**INSTRUCTIONS TO FOLLOW**
All that is needed is the first stretch of the listing below, repeated exactly and ending with the line that contains "A stylish Mid- Century". Pictures are to be left out.

**EXERCISE DATA**
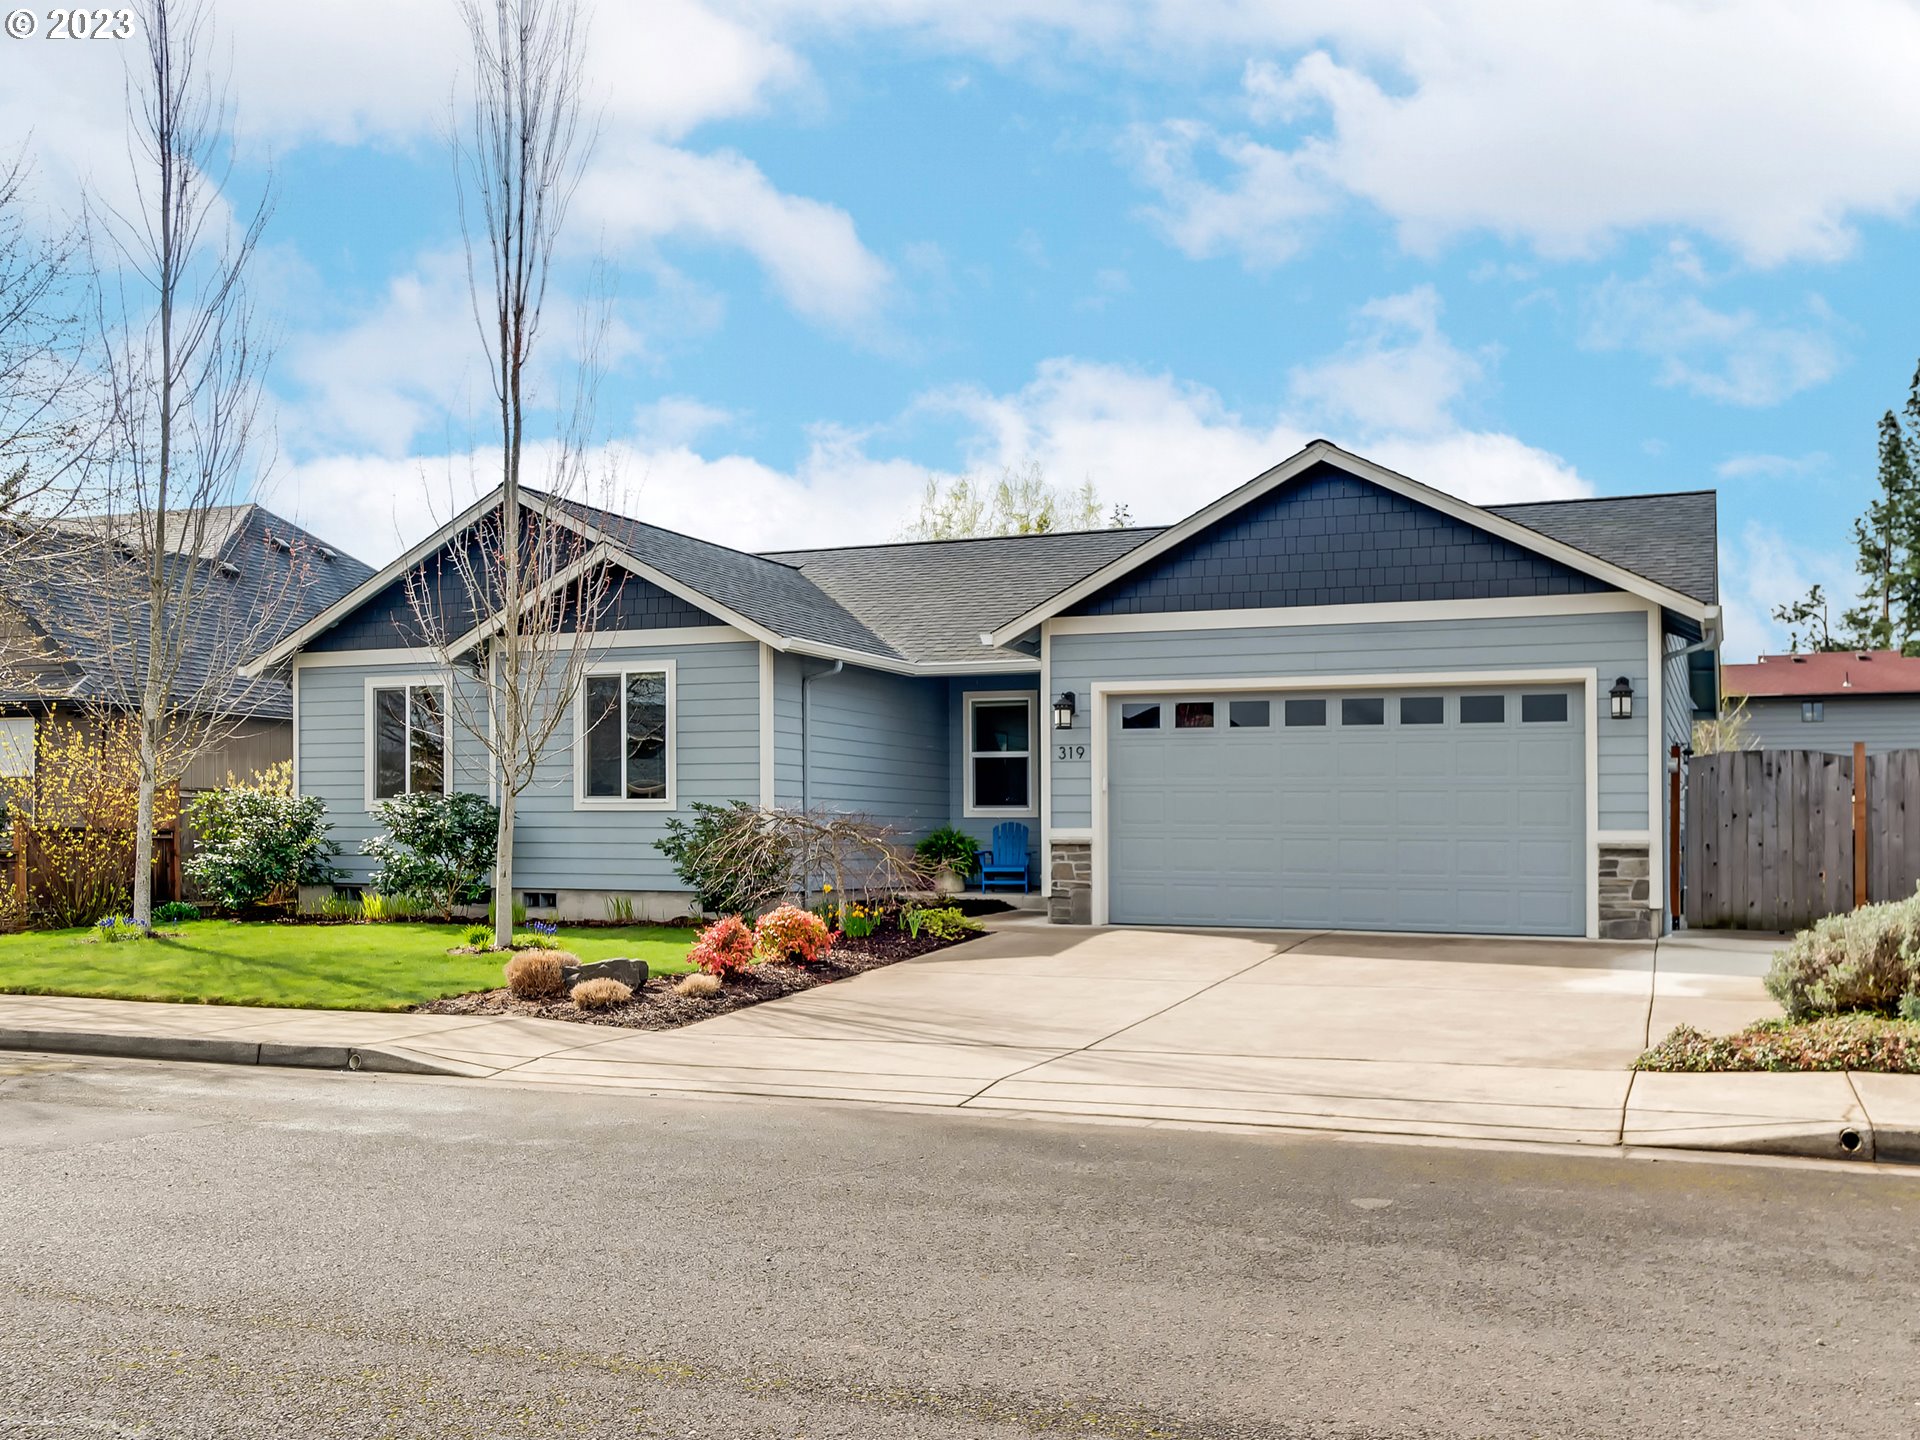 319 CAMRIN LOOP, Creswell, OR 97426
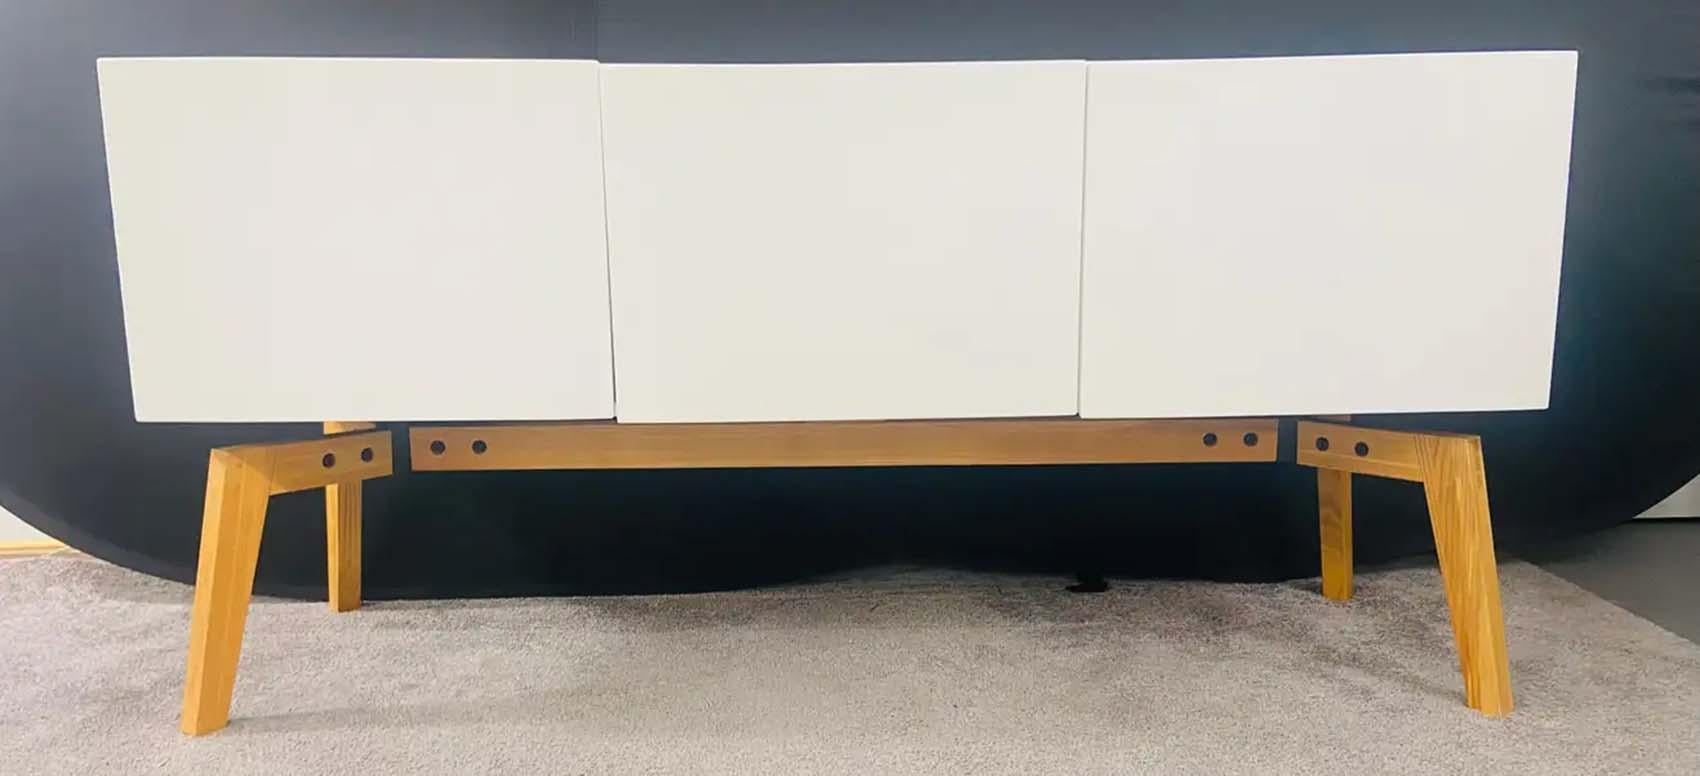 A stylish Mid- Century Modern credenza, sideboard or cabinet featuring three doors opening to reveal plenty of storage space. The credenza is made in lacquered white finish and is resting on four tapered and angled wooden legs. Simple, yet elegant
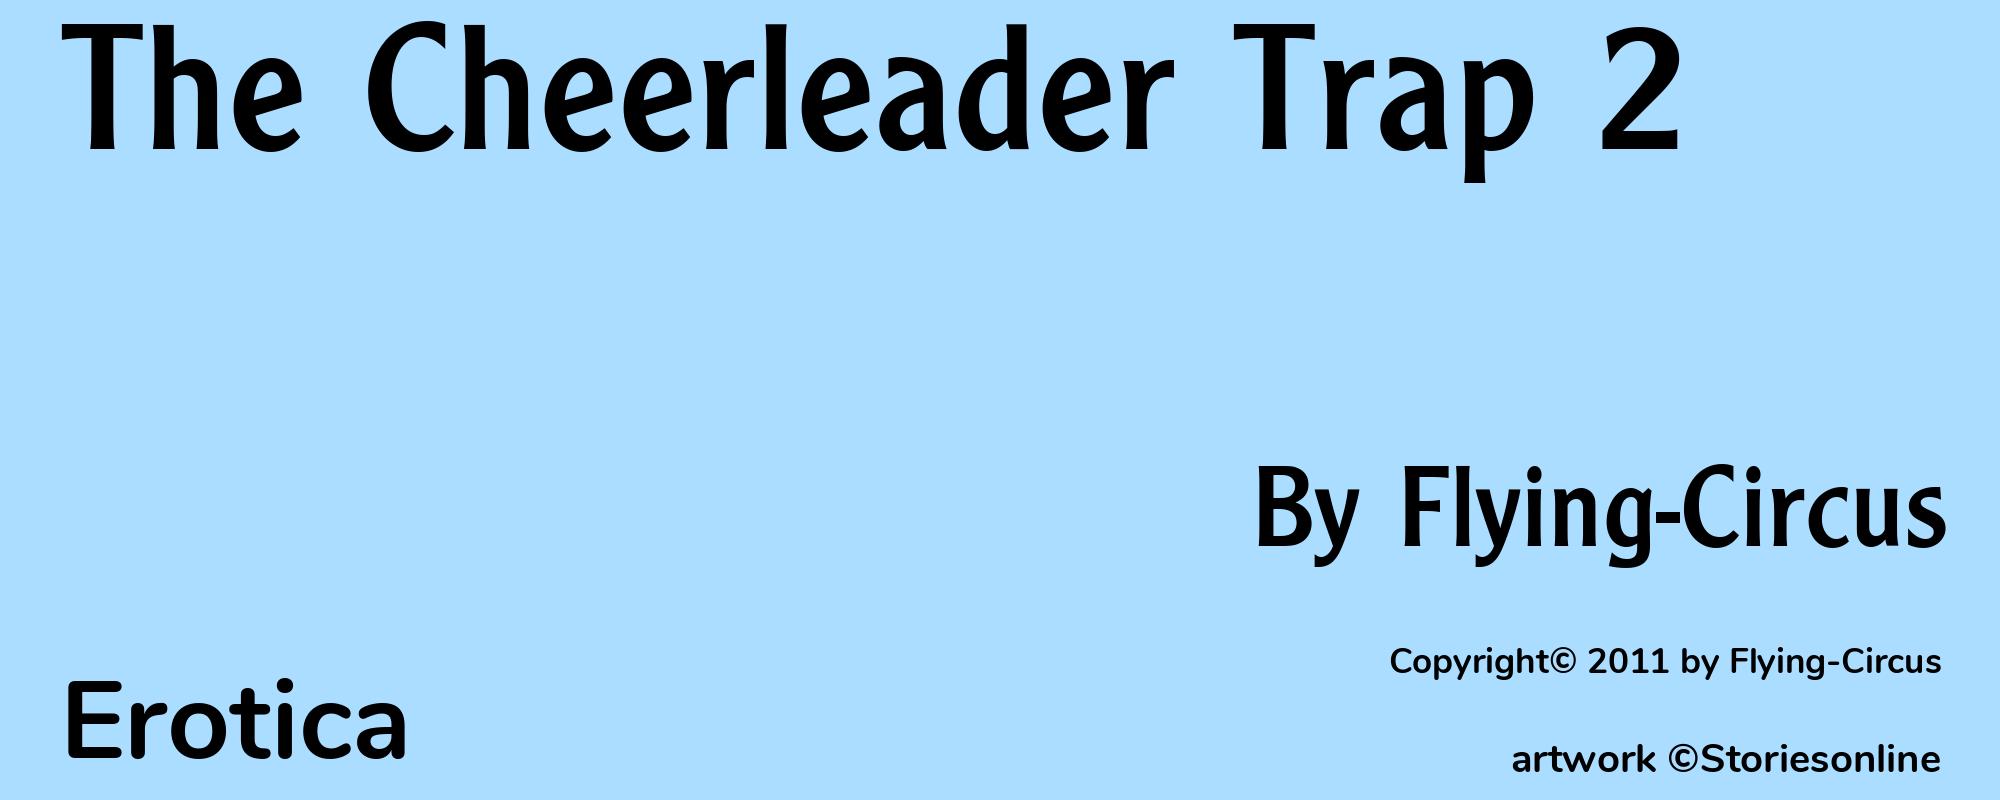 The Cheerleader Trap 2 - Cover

**RESPONSE TO THE EXERCISE**
 319 CAMRIN LOOP, Creswell, OR 97426
 A stylish Mid- Century Modern credenza, sideboard or cabinet featuring three doors opening to reveal plenty of storage space. The credenza is made in lacquered white finish and is resting on four tapered and angled wooden legs. Simple, yet elegant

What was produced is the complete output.